Implementing Distributed Tracing with Micrometer and Zipkin
Modern microservices architectures introduce enormous operational complexity. A single client request may travel through API gateways, authentication services, business services, databases, caches, message brokers, and external APIs before a response is returned.
In monolithic applications, debugging a request failure was relatively simple because logs existed inside a single application process. In distributed systems, however, requests hop across dozens or even hundreds of services.
This creates one of the biggest challenges in cloud-native engineering:
How do you trace a request across multiple distributed microservices?
This is where distributed tracing becomes essential.
Distributed tracing allows engineers to follow an individual request as it moves across services, databases, queues, and infrastructure components.
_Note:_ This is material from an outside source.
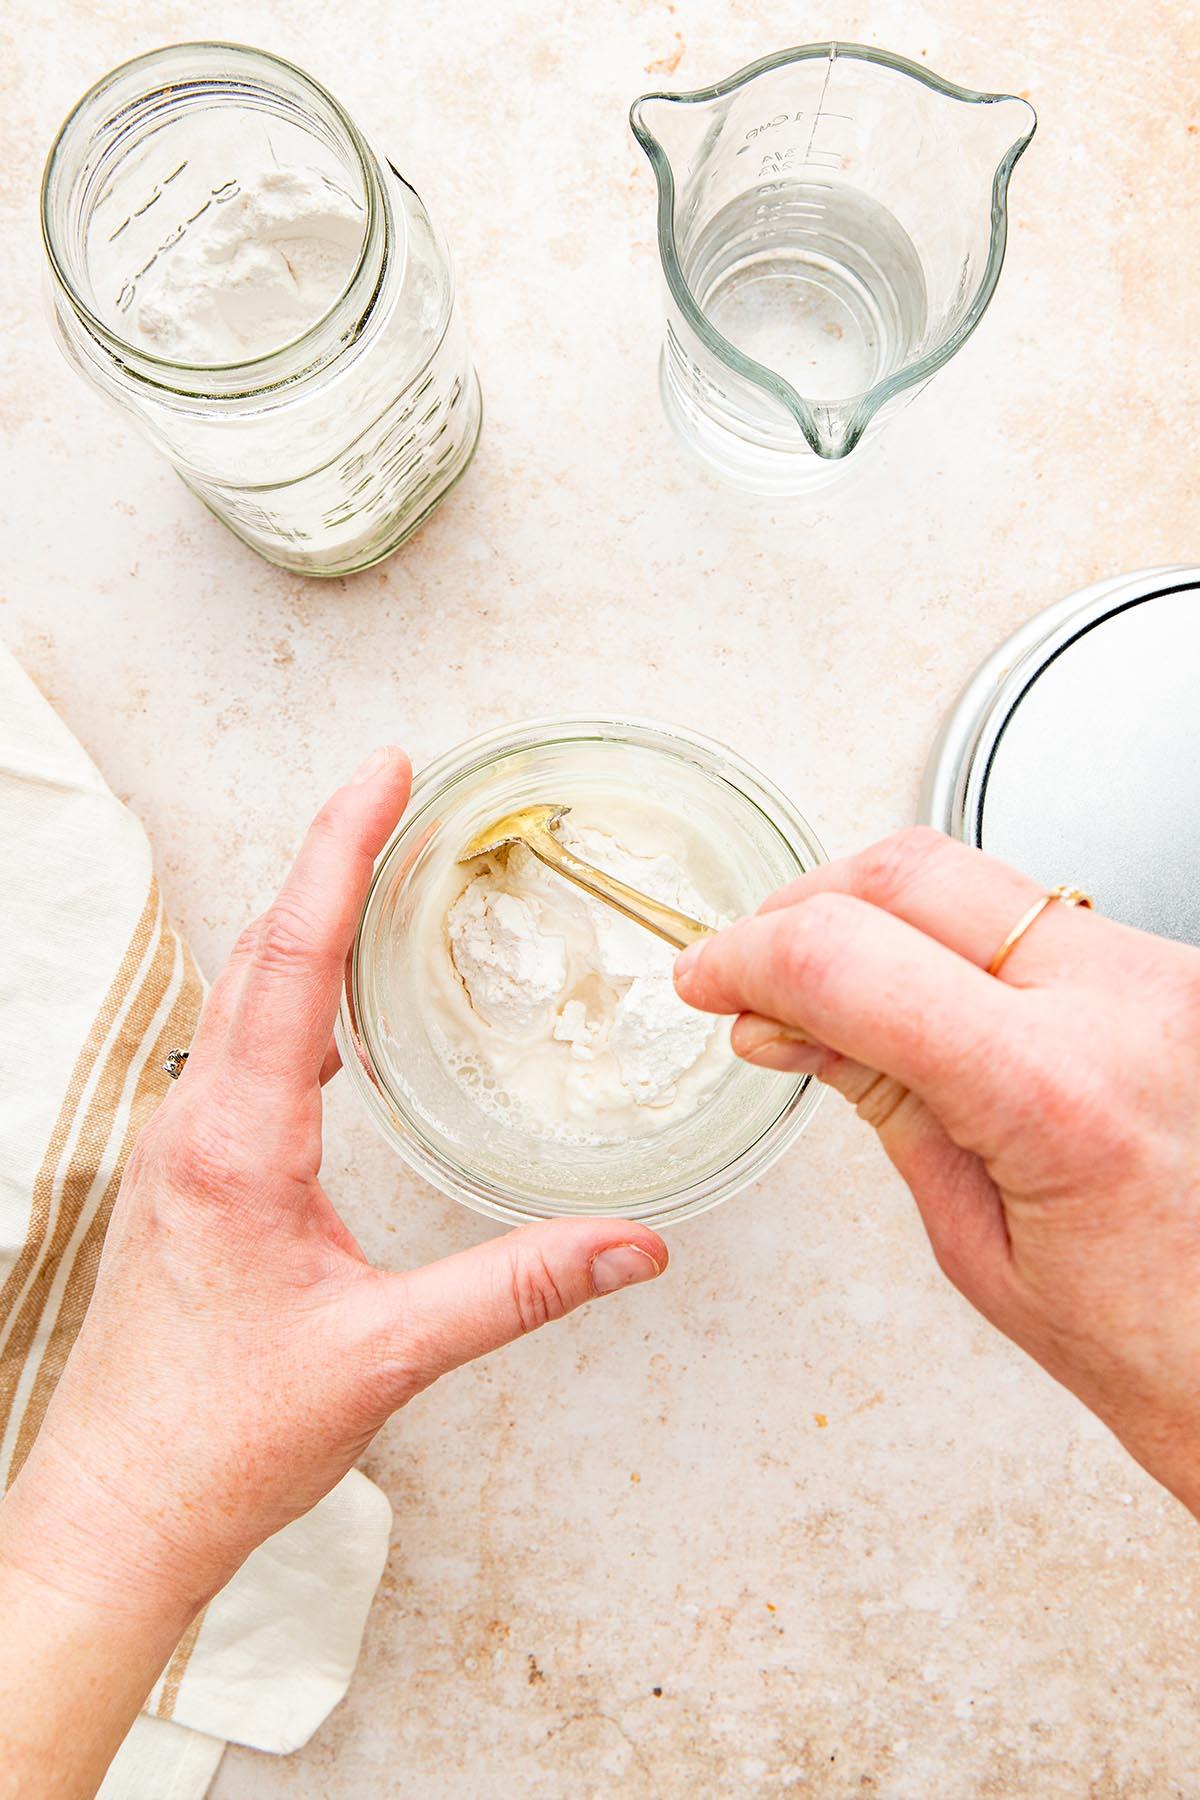 A hand using a. long spoon to stir a jar of sourdough starter.
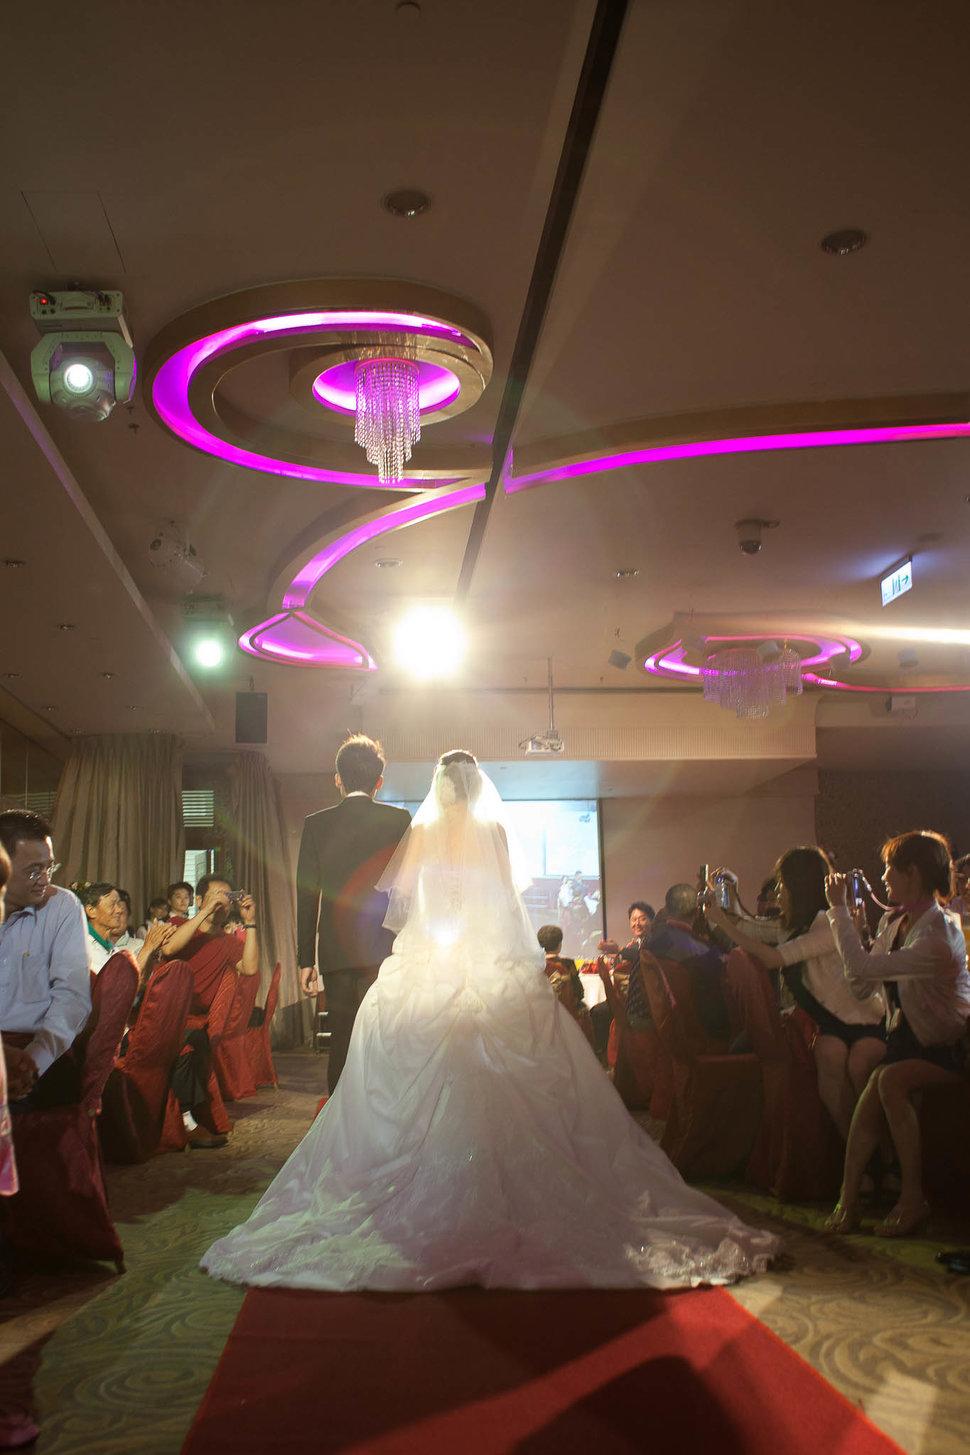 18PHOTO-敔帆❤️ 卿瑜(編號:242278) - 18PHOTO 婚紗影像攝影工作室 - 結婚吧

It helps identify bottlenecks, latency issues, failures, retries, and service dependencies.
In this comprehensive enterprise-grade guide, you will learn how distributed tracing works internally, how Micrometer Tracing integrates with Spring Boot, how Zipkin visualizes distributed traces, and how modern production systems implement observability at scale.
What You Will Learn
- What distributed tracing is
- Why distributed tracing is critical in microservices
- How traces and spans work internally
- What trace IDs and span IDs are
- How Micrometer Tracing works in Spring Boot
- How Zipkin collects distributed traces
- How request propagation works between services
- How tracing integrates with REST APIs and messaging systems
- How to configure tracing in Spring Boot 3
- How to debug distributed systems using tracing
- How sampling works
- Production best practices for observability
- Security and performance considerations
- How enterprises use tracing platforms
What Is Distributed Tracing?
Distributed tracing is an observability technique used to track requests across multiple distributed services.
Each incoming request receives a unique trace identifier. As the request moves between services, that trace ID propagates across the system.
Client Request | v API Gateway | v User Service | v Order Service | v Payment Service | v Notification Service
Without distributed tracing:
- Logs become disconnected
- Root cause analysis becomes difficult
- Latency bottlenecks remain hidden
- Cross-service failures are hard to diagnose
With distributed tracing:
- Every request is traceable end-to-end
- Latency breakdowns become visible
- Dependency chains become observable
- Failures can be identified quickly
Why Distributed Tracing Matters in Microservices
As systems scale, requests become increasingly complex.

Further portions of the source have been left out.